Uma das obras mais famosas sobre a Guerra do Paraguai - Wikimedia Commons
Colunas

Guerra do Paraguai: Da senzala ao front de batalha

Decreto aprovado em caráter emergencial permitia a alforria de escravos em troca de serviço militar

M.R. Terci Publicado em 01/01/2020, às 08h00

Na história do mundo sempre existiram guerras. Fosse por territórios, ideais ou diferenças intelectuais, o homem constantemente lançou mão de recursos bélicos para fazer valer suas ambições. Dizem que guerra é inferno. Não sei especular sobre o inferno, mas, sem dúvida, a guerra é o que mais nos aproxima dele.

Para o ser humano, nenhum outro anseio é maior do que o desejo pela liberdade. Ninguém nasce para o grilhão ou o confinamento. Ser livre é desejo comum de todos e, talvez por isso, o direito de expressar qualquer opinião, agir, se relacionar, ter independência ou licença para ir e vir, permanecer ou ficar, seja uma das maiores motivações para calar fundo a baioneta no campo de batalha.

Eis então o problema. Não se faz guerra sem o mais precioso dos recursos: vidas humanas. Não se peleja, jamais se ganha território, não se esclarece a diferença, nem se chega ao prêmio sem soldados.

Em 1866, durante a Guerra do Paraguai, esse era o dilema do Império do Brasil.
Fora um ano particularmente difícil para os soldados no front.

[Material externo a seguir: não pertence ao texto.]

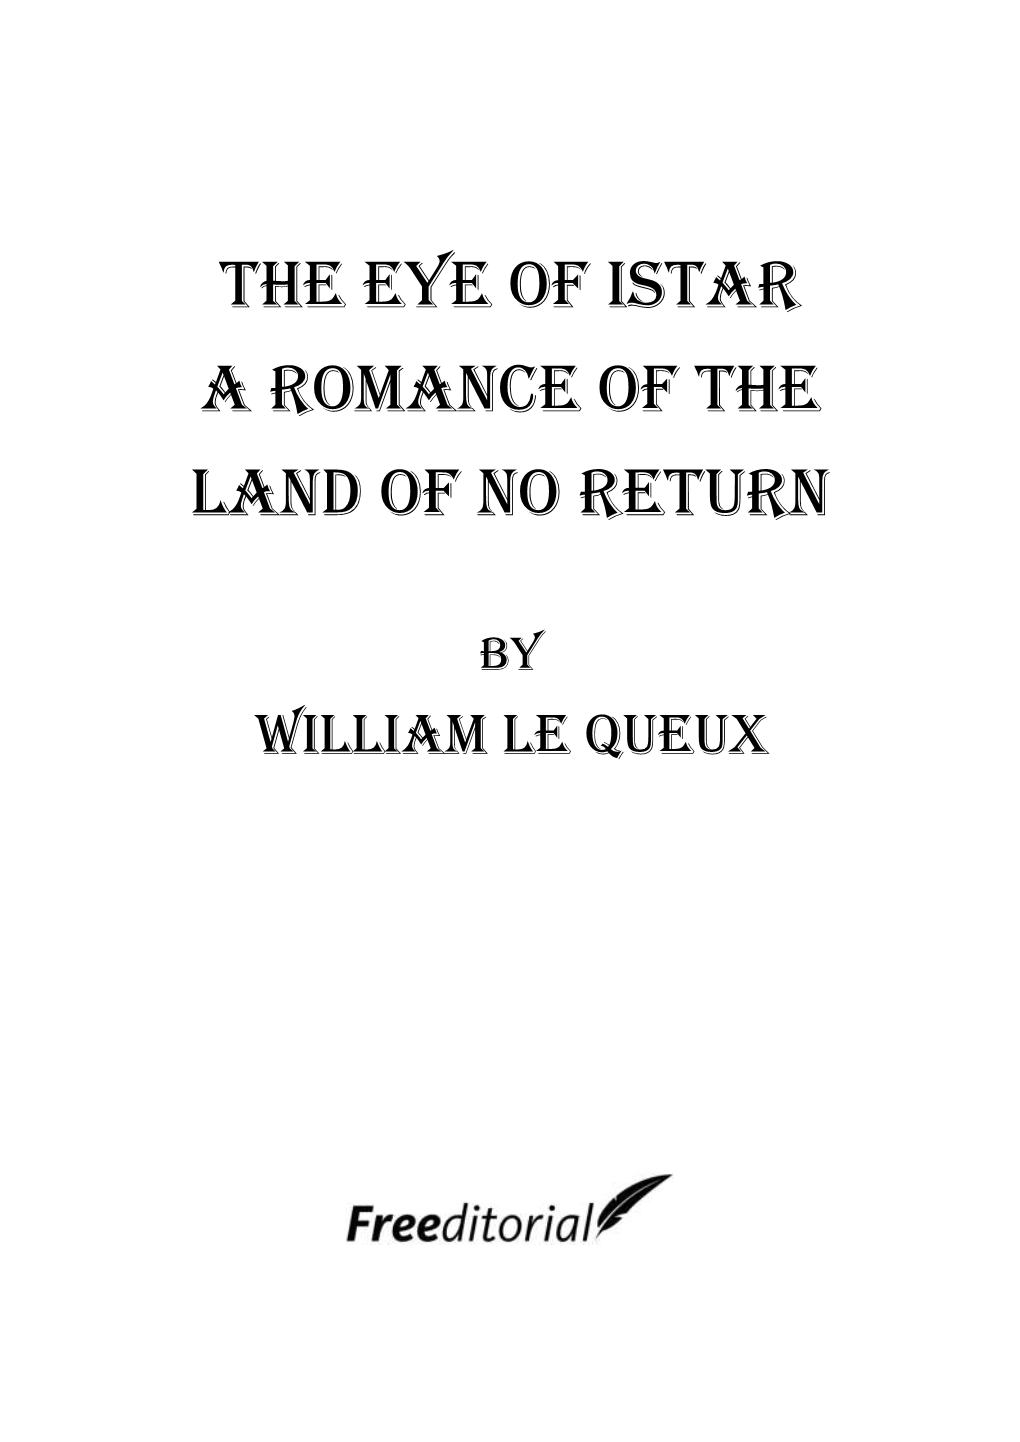 The Eye of Istar a Romance of the Land of No Return
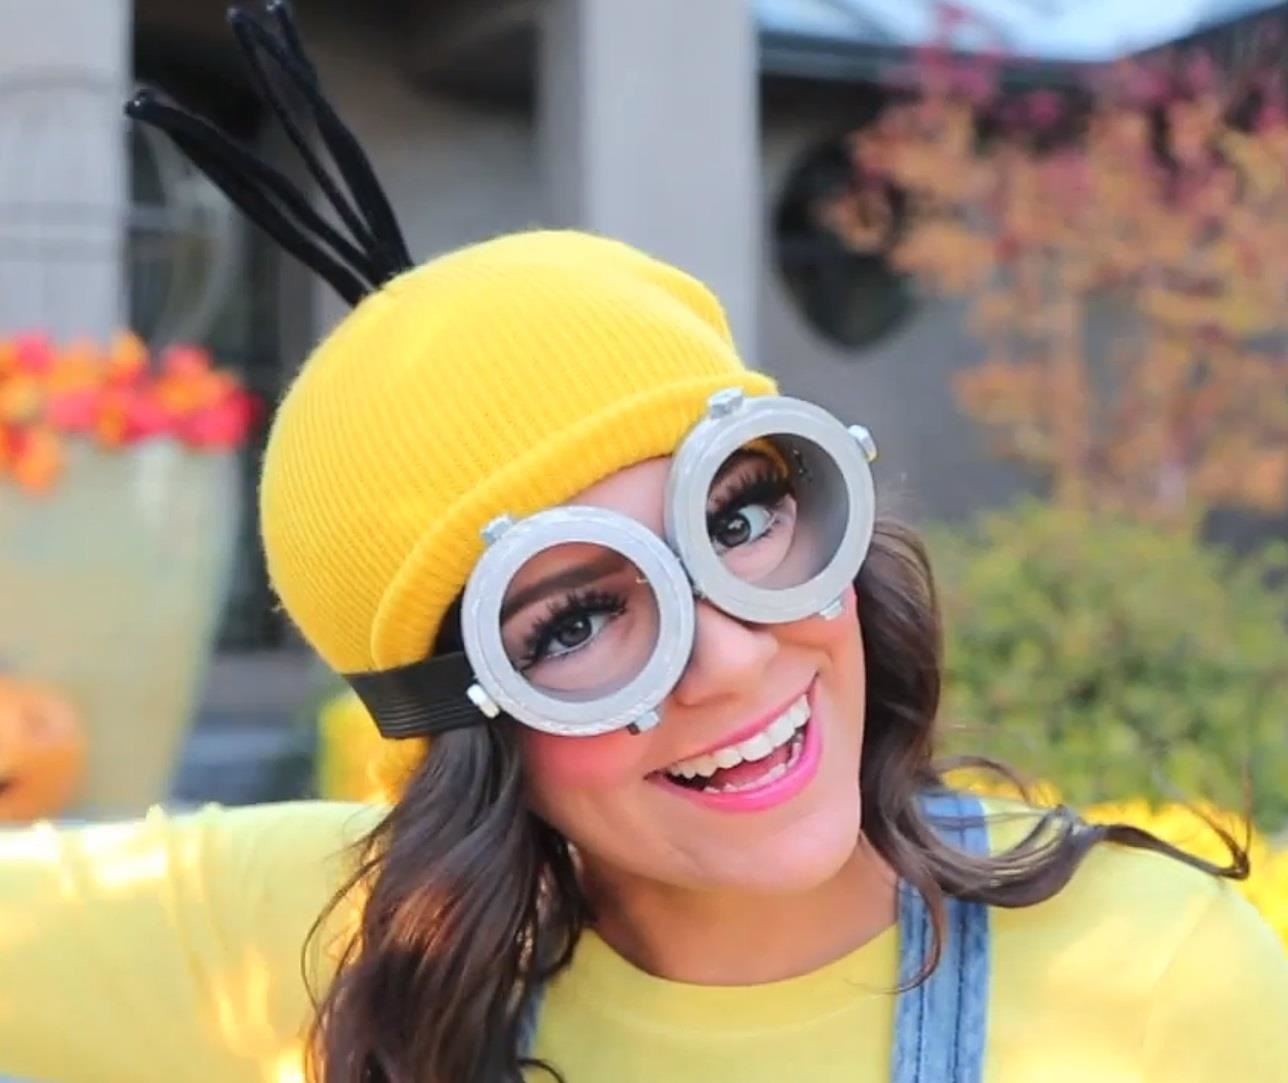 Bee-Do, Bee-Do! 5 Awesome DIY Minion Halloween Costumes from

Quase dois anos haviam se passado, a situação das forças militares brasileiras era caótica. A invasão do desconhecido território paraguaio expôs nossas fraquezas. Terrenos pantanosos, tocaias constantes e alagamentos súbitos. Deslocar tropas era demorado, acima de tudo, custoso. Perderam-se milhares de vidas e o Exército brasileiro estava desfalcado e terrivelmente desarticulado.

Assim, para dar conta das baixas e fortalecer as linhas que ameaçavam desmoronar, o imperador propôs uma audaciosa, porém polêmica solução, que tocava no nervo mais vulnerável e sensível da época: a escravidão. Dom Pedro II sugeriu, então, uma lei que permitia a alforria de escravos em troca de serviço militar.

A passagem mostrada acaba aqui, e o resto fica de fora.